In the AclAuthorizationHandler#comparePolicyEntries method, if the priority of the policy cannot be distinguished by resource type or matching mode, the priority of deny should be higher than that of allow.

However, in the current code, if o1's policy is DENY and o2's policy is ALLOW, the method returns 1. This causes o1 to be sorted after o2, resulting in incorrect logic that ALLOW takes precedence over DENY.

Image

Steps to Reproduce

At this stage, since multiple decisions cannot be configured for the same resource, this problem does not occur in practice.
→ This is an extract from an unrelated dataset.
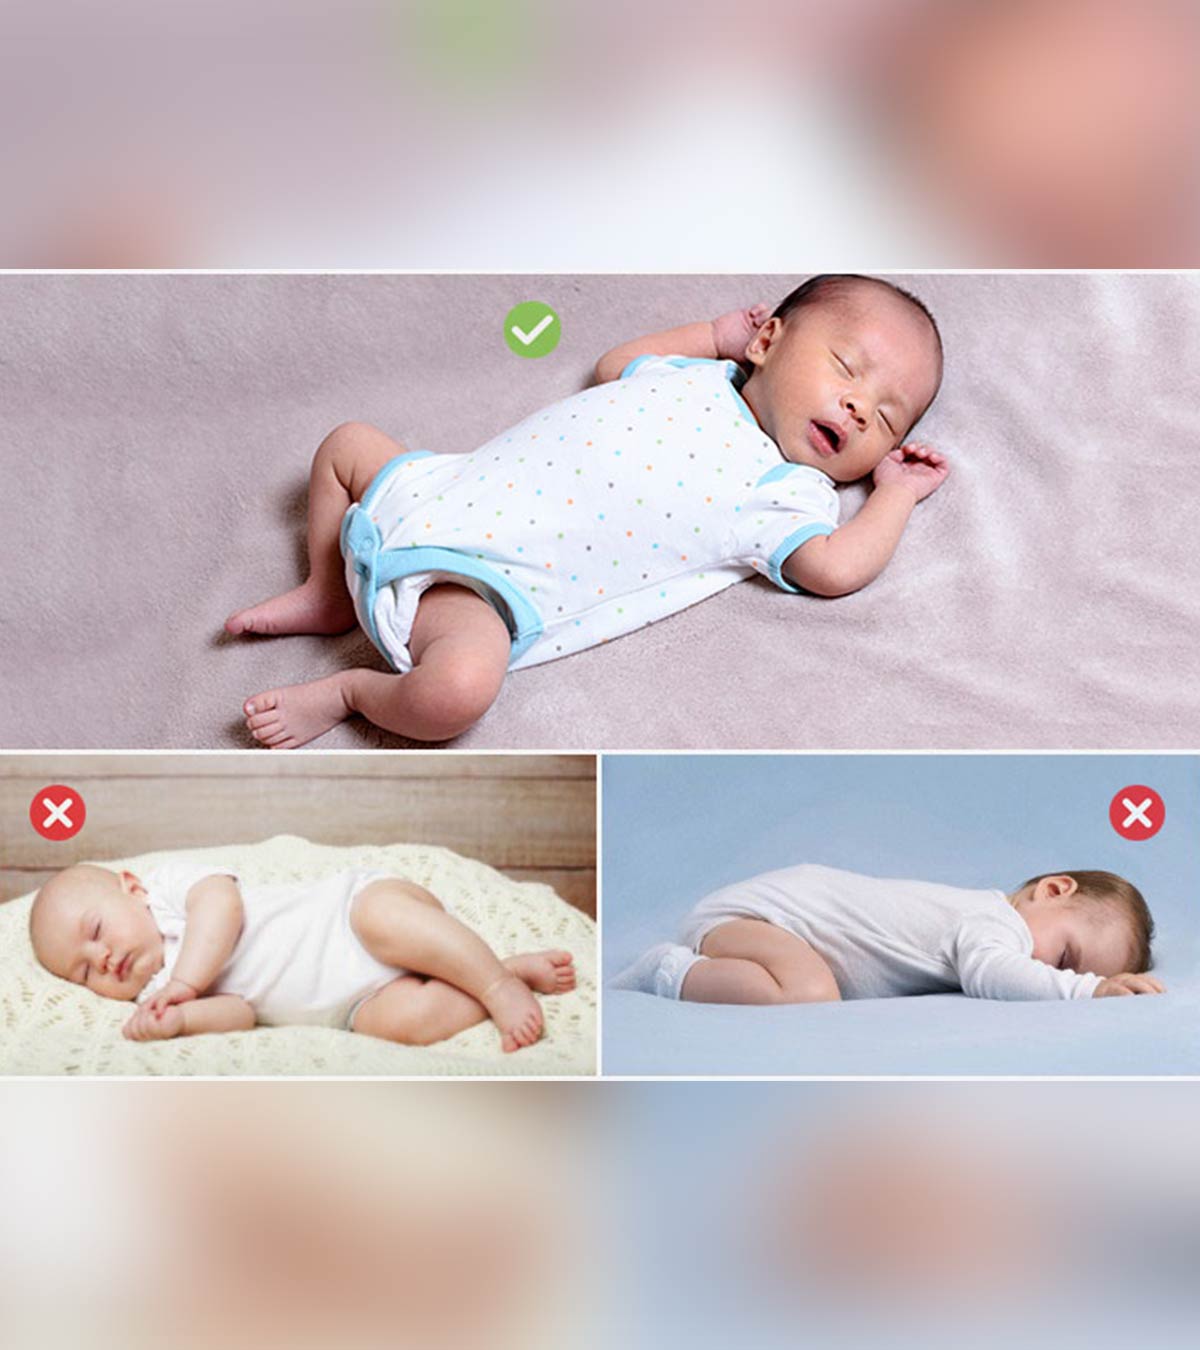 शिशु को किस पोजीशन में सुलाना सुरक्षित है? | Baby Ko Kis Position Me Sulana Chahiye

We can use test code to verify this problem.

Need make AclAuthorizationHandler#comparePolicyEntries to public for test.

public static void main(String[] args) {
    AclAuthorizationHandler handler = new AclAuthorizationHandler(new AuthConfig());

    Resource resource = Resource.of(ResourceType.TOPIC, null, ResourcePattern.LITERAL);
    PolicyEntry allow = PolicyEntry.of(resource, Arrays.asList(Action.PUB), null, Decision.ALLOW);
    PolicyEntry deny = PolicyEntry.of(resource, Arrays.asList(Action.PUB), null, Decision.DENY);

    List<PolicyEntry> policyEntries = new ArrayList<>(Arrays.asList(deny, allow));
    policyEntries.sort(handler::comparePolicyEntries);
    PolicyEntry policyEntry = policyEntries.get(0);
    System.out.printf(policyEntry.getDecision().toString());
}
Image

What Did You Expect to See?

Use correct policy judgment logic to give DENY a higher priority than ALLOW.

What Did You See Instead?

If o1 is DENY and o2 is ALLOW, then ALLOW takes precedence over DENY.